Les différentes conceptions de l'Indopacifique ne traitent pas de la question de la Chine directement. La plupart d'entre elles, et celle de la France ne fait pas exception, énumèrent les partenariats souhaités et ignorent « l'éléphant dans la pièce », c'est-à-dire la Chine dont le poids et la politique sont essentiels dans la zone indopacifique.

Dans la stratégie de la France pour l'Indopacifique, les revendications territoriales chinoises ne sont nommées que de façon très prudente, ainsi que sa rivalité avec les États-Unis, mise au même niveau que sa rivalité avec l'Inde - pourtant bien moins structurante, à ce jour, pour l'Indopacifique. Ces revendications territoriales de la Chine ont d'ailleurs fait l'objet d'une condamnation par la Cour permanente d'arbitrage (CPA) de La Haye, en 2016. Les revendications chinoises dites « ligne en neuf traits » sur la mer de Chine méridionale ont bien été déboutées ; pourquoi ne pas le dire ? La stratégie de la France s'arrête à la réaffirmation de l'attachement de notre pays à un ordre multilatéral fondé sur le droit, attachement partagé par l'Inde, l'Australie, le Japon et l'Association des nations de l'Asie du Sud-Est (ASEAN). La condamnation des positions chinoises nuirait à la stratégie de troisième voie, voie d'équilibre ou de stabilisation pour reprendre les termes de la stratégie indopacifique. Mais celle-ci est-elle tenable face aux réalités de l'Indopacifique et aux ambitions chinoises ?

Les pays de l'ASEAN, le Japon, l'Inde et l'Australie défendent la même autonomie et refuseraient de s'impliquer dans la rivalité sino-américaine, selon le document français. Toutefois, les positions japonaise et australienne sont sans doute plus ambiguës, en témoignent le QUAD, Aukus et les accords de défense liant ces pays aux États-Unis. L'objectif politique français nous amène, selon les analystes, à « surjouer une différence d'approche, en partie artificielle, avec les pays anglo-saxons tout en favorisant les exportations d'armes vers certains pays comme l'Inde, les Émirats arabes unis et l'Indonésie, qui restent l'un des moteurs, bien que non assumé, de la politique étrangère française dans la région ».
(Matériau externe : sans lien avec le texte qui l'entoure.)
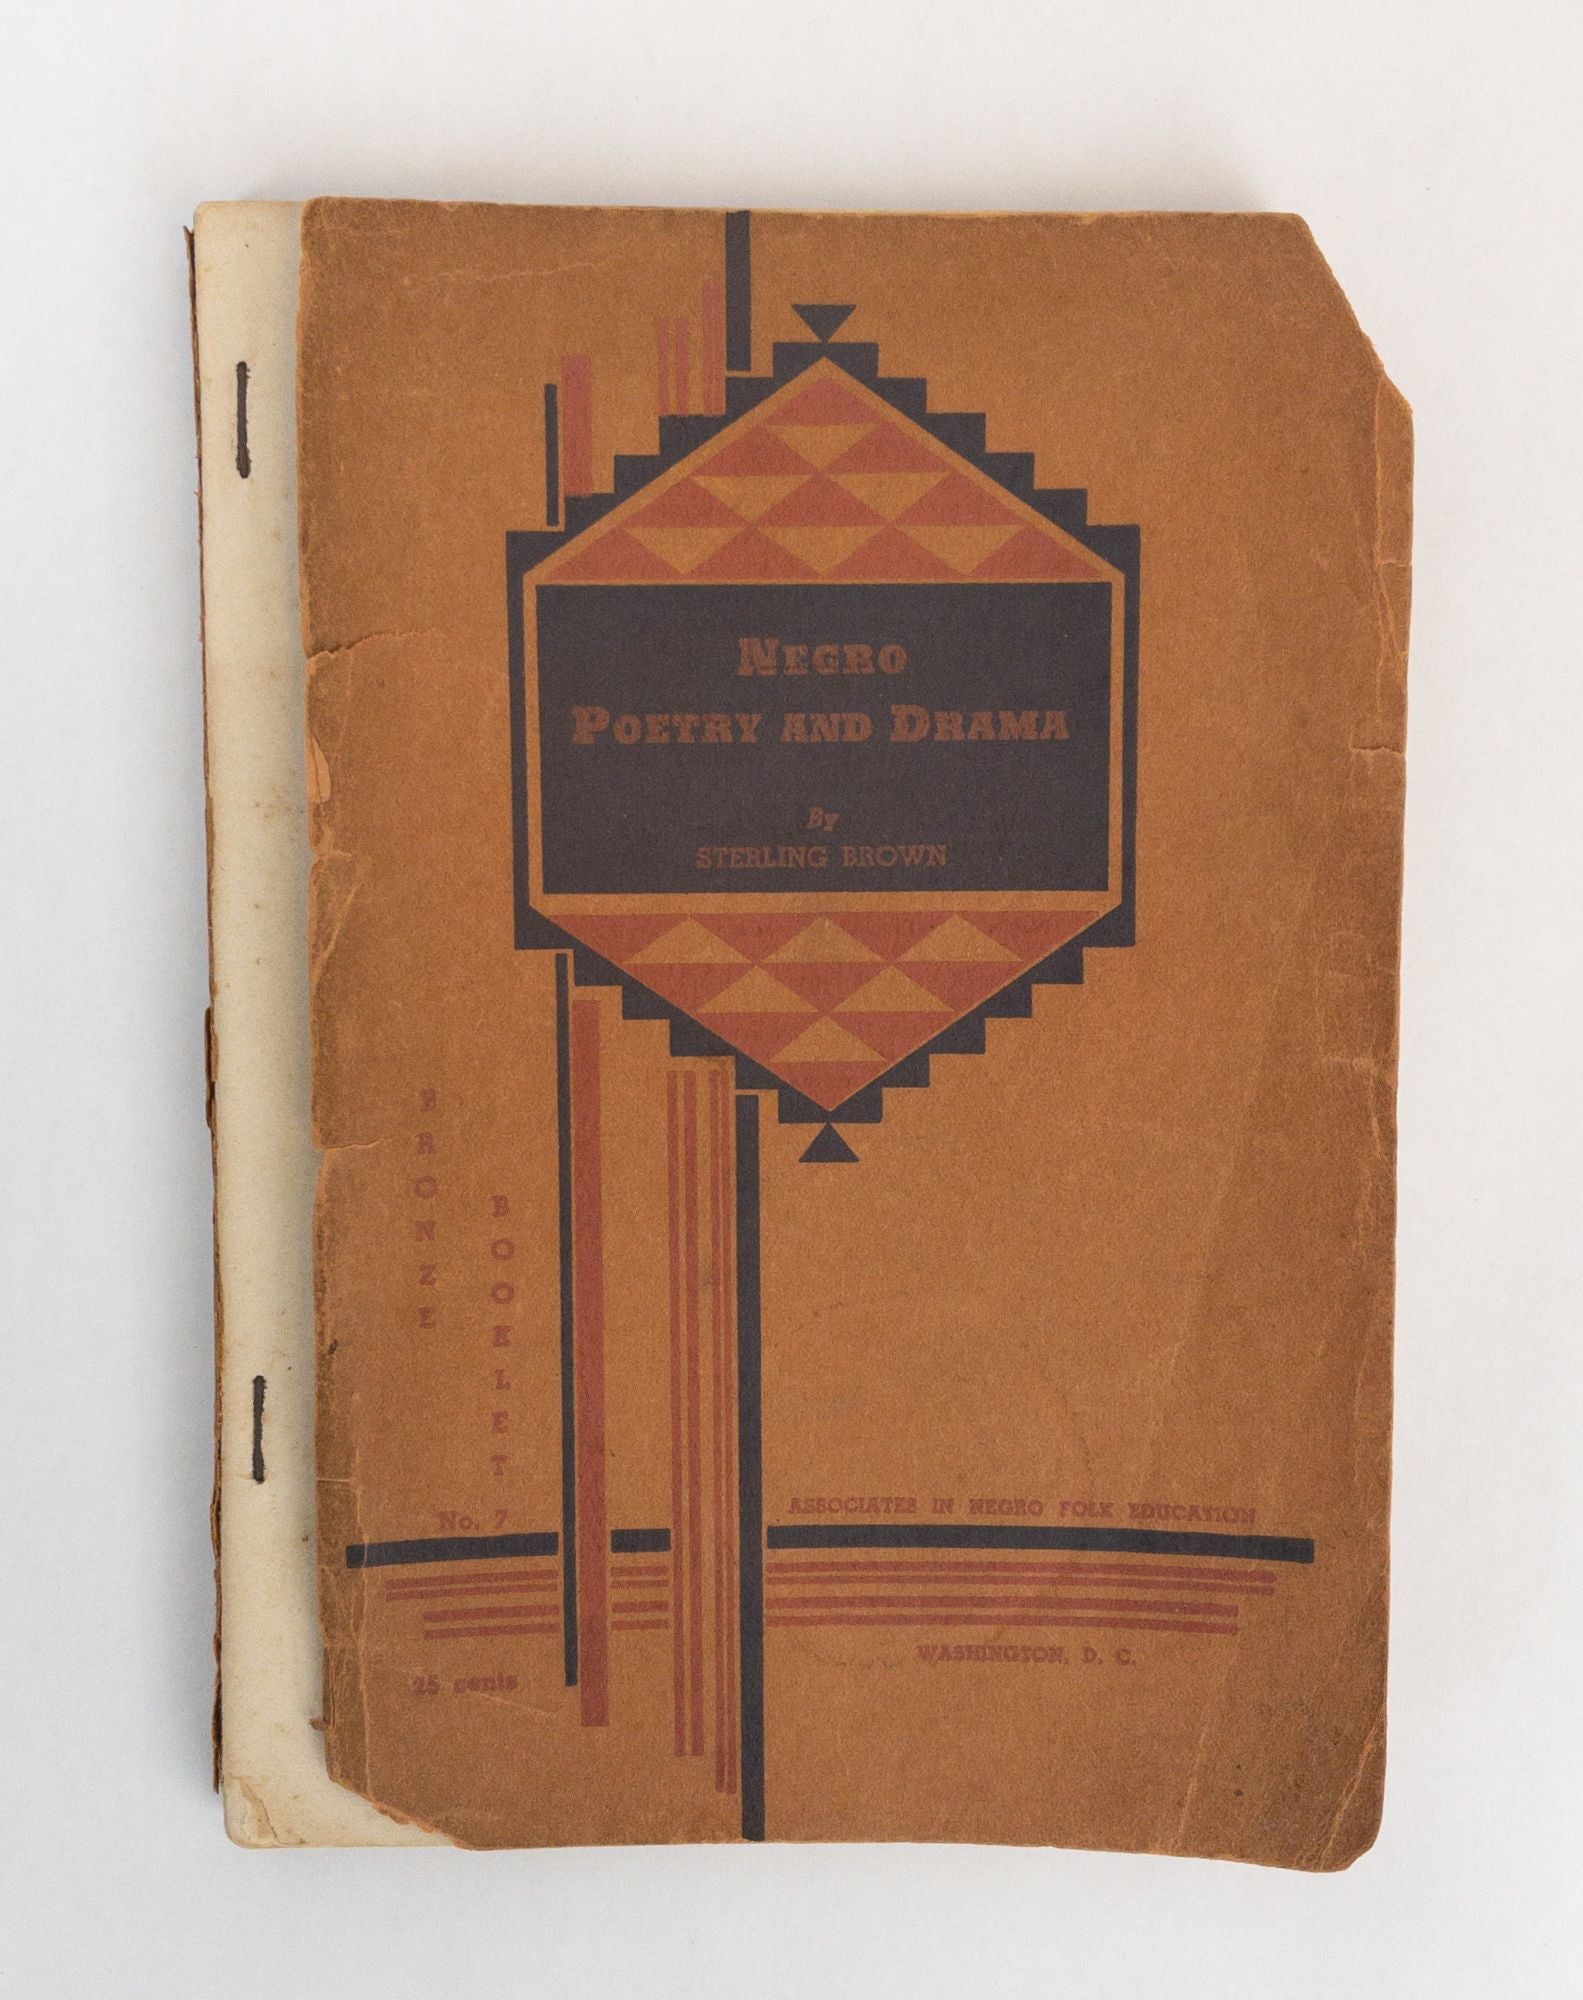 Product Image for THE NEGRO IN AMERICAN FICTION; [With] NEGRO POETRY AND DRAMA [Two Volumes] [Signed]

Pourtant, cette « troisième voie » française n'a pas convaincu l'Australie qui a renoncé au partenariat stratégique conclu avec la France et à la fourniture des sous-marins de la classe Barracuda. Le discours français est parfois contre-productif auprès de certains de ses partenaires : la position de notre pays paraît ambiguë, et nos ambitions d'être une puissance d'équilibre ne sont pas en adéquation avec notre poids réel, ce qui pose in fine des questions sur la crédibilité même de la stratégie française. Enfin, être une puissance d'équilibre, si l'on s'en donnait les moyens, n'est possible que si la situation le permet. Or, la politique et les ambitions chinoises fragilisent l'équilibre indopacifique. L'aspiration au statut de puissance internationale de la Chine se manifeste par une stratégie planifiée dans le temps long par le parti communiste chinois (PCC), visant à la doter du statut de première puissance mondiale d'ici 2050, année du centenaire de la création de la République populaire de Chine, comme le soulignait le rapport de nos collègues Pascal Allizard et Gisèle Jourda. Le XXe congrès du PCC, qui s'est tenu en octobre 2022, a été l'occasion d'un nouveau durcissement des positions chinoises : la légitimité du parti repose désormais sur la promesse du rétablissement du rang impérial de la Chine, garanti par Xi Jinping.

Dans ce contexte, la France devra réaffirmer une position ferme si les aspirations chinoises sont défavorables aux intérêts français et aux valeurs qu'elle défend, tels le multilatéralisme, la libre navigation, l'État de droit et les droits de l'homme. La stratégie française doit tenir compte du positionnement chinois, de son agenda et de sa volonté de s'affirmer en première puissance mondiale, et définir une réponse forte et réaliste.